§ **Task brief**
Reproduce each record exactly. The pictures should be skipped.

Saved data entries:
=-=-=-=-=

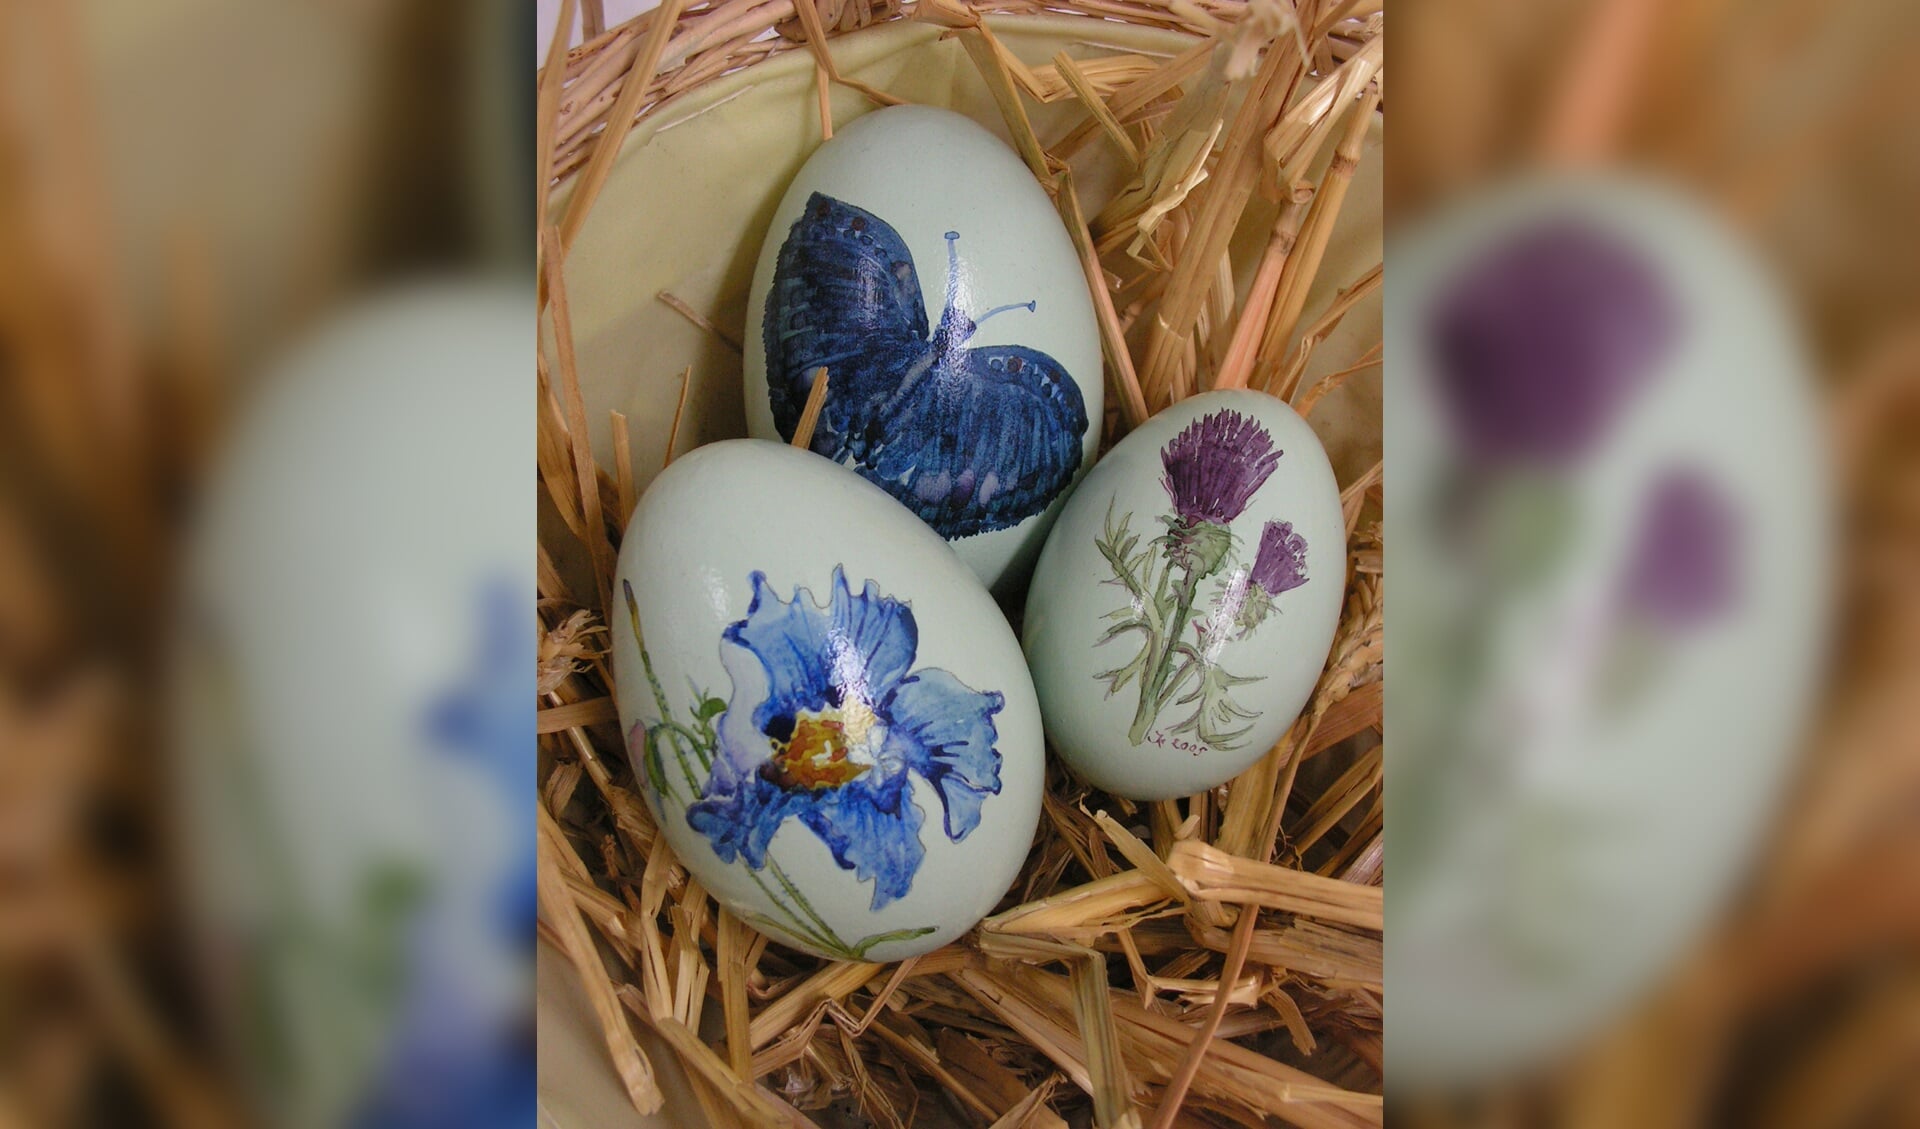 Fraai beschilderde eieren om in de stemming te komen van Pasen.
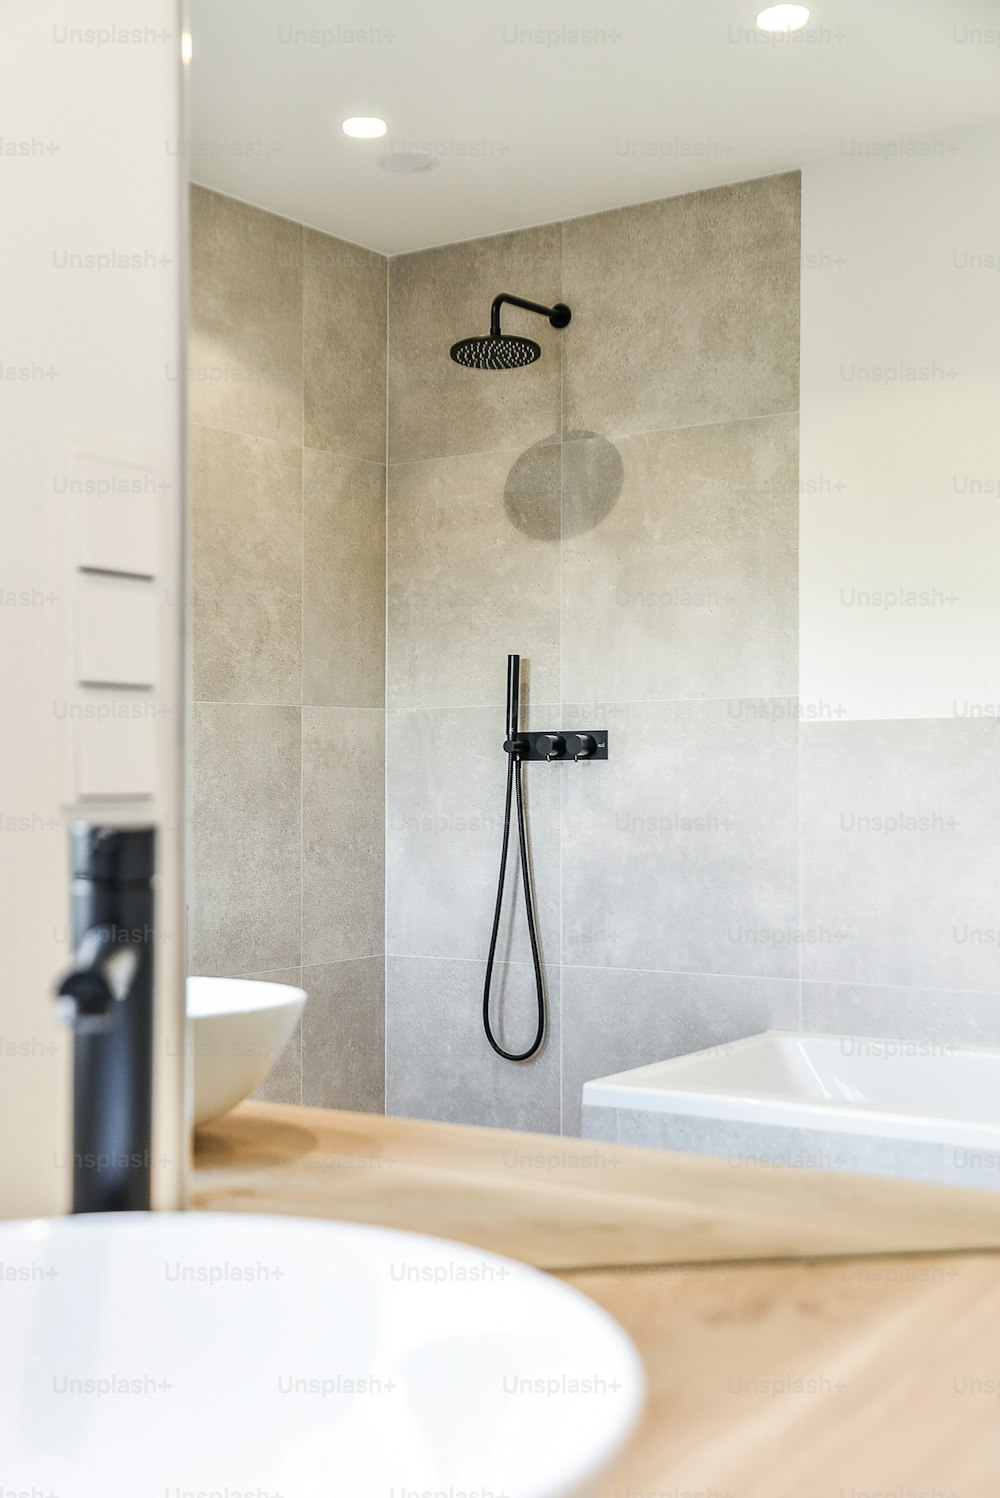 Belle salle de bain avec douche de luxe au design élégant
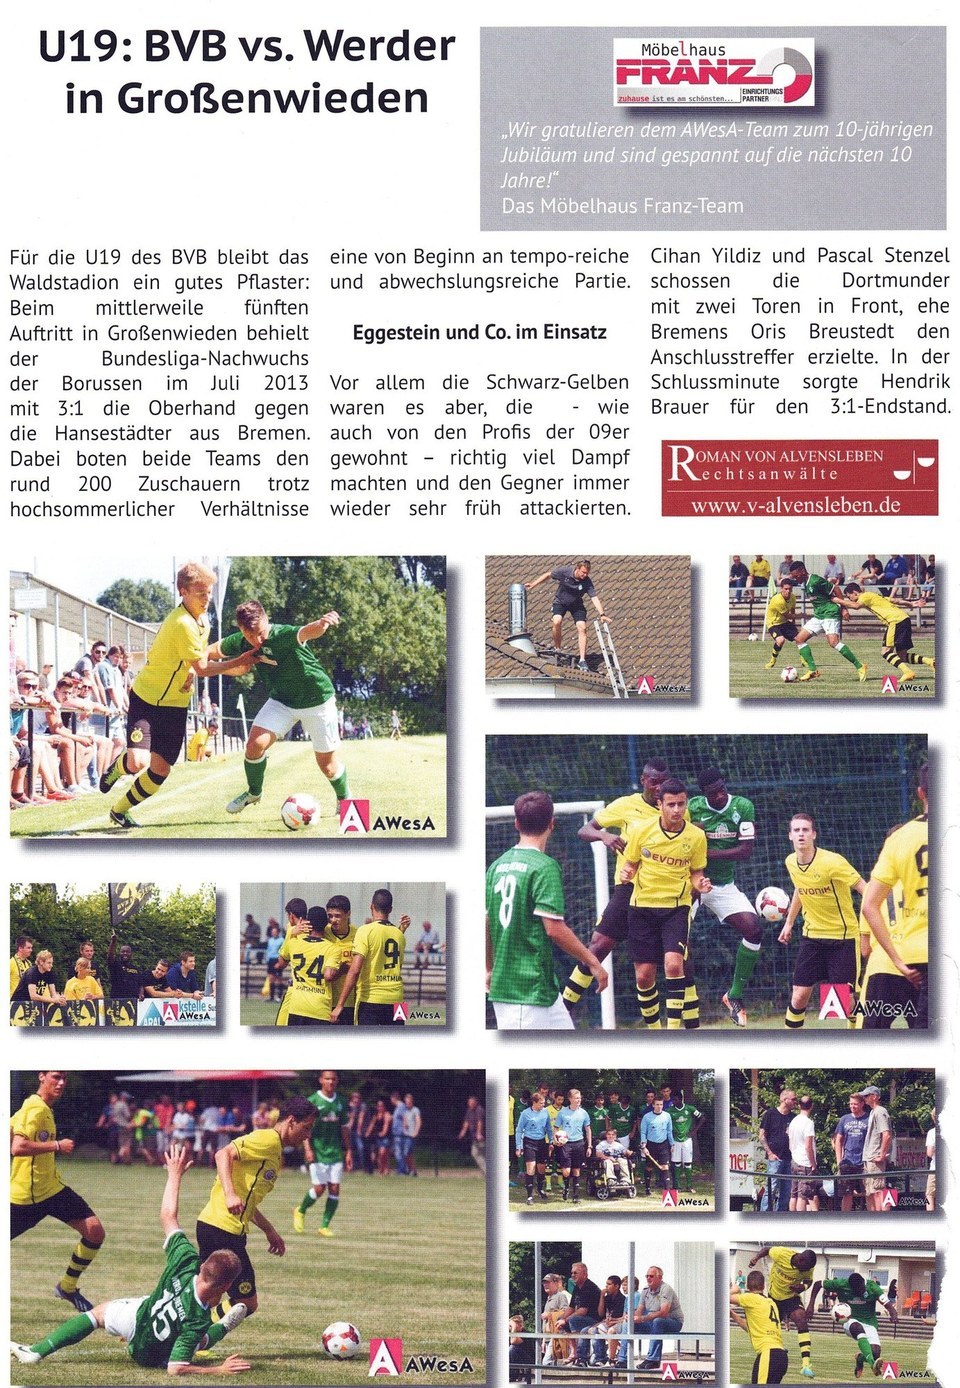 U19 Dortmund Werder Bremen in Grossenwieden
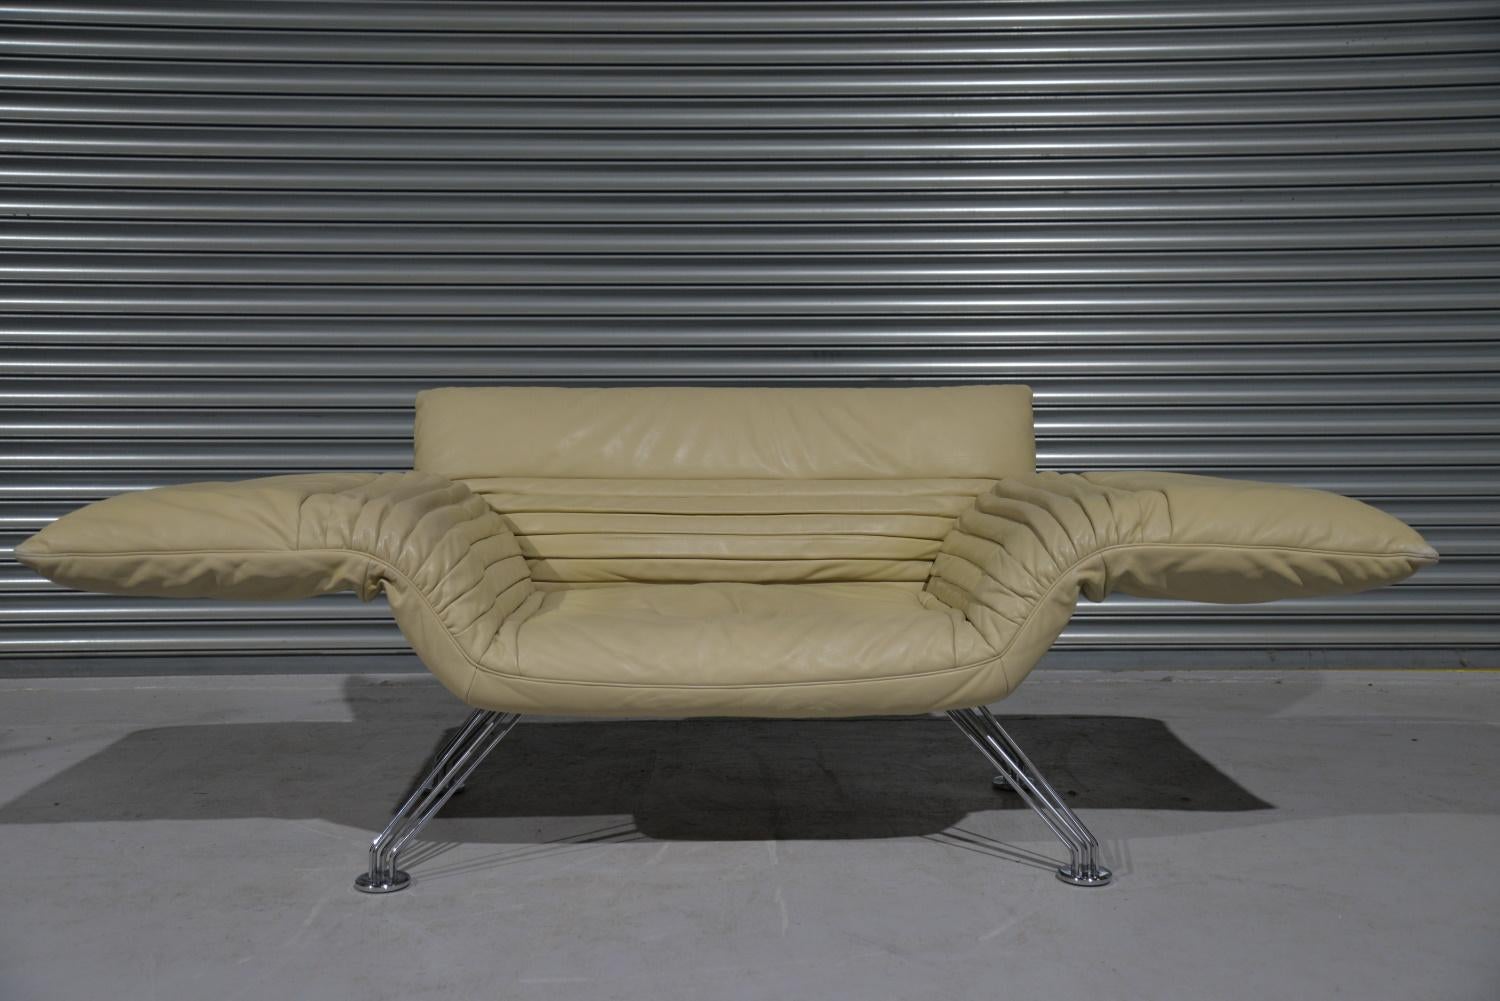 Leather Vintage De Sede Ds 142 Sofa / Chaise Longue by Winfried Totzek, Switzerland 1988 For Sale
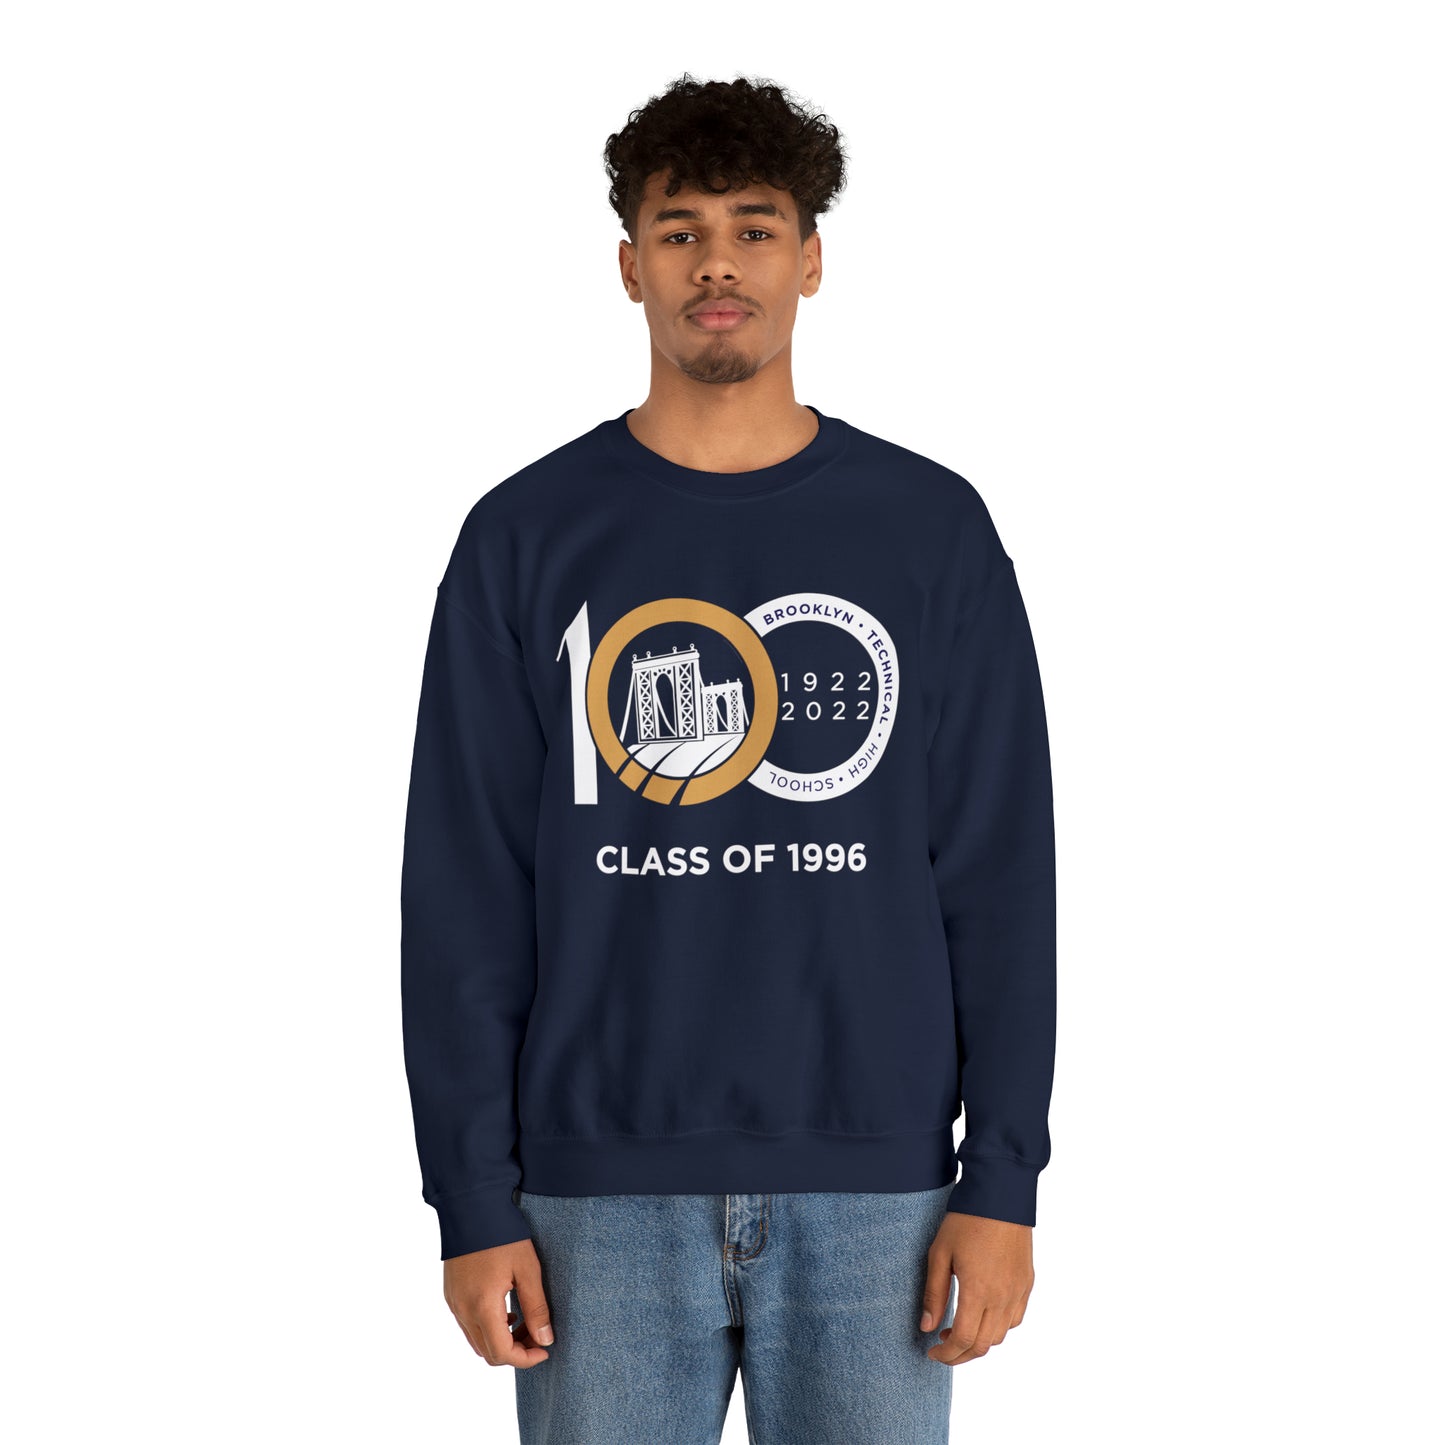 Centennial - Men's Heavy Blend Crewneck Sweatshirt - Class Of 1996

=-=-=-=-=

§ **Answer to this exercise**
 Fraai beschilderde eieren om in de stemming te komen van Pasen.
 Belle salle de bain avec douche de luxe au design élégant
 U19 Dortmund Werder Bremen in Grossenwieden
 Leather Vintage De Sede Ds 142 Sofa / Chaise Longue by Winfried Totzek, Switzerland 1988 For Sale
 Centennial - Men's Heavy Blend Crewneck Sweatshirt - Class Of 1996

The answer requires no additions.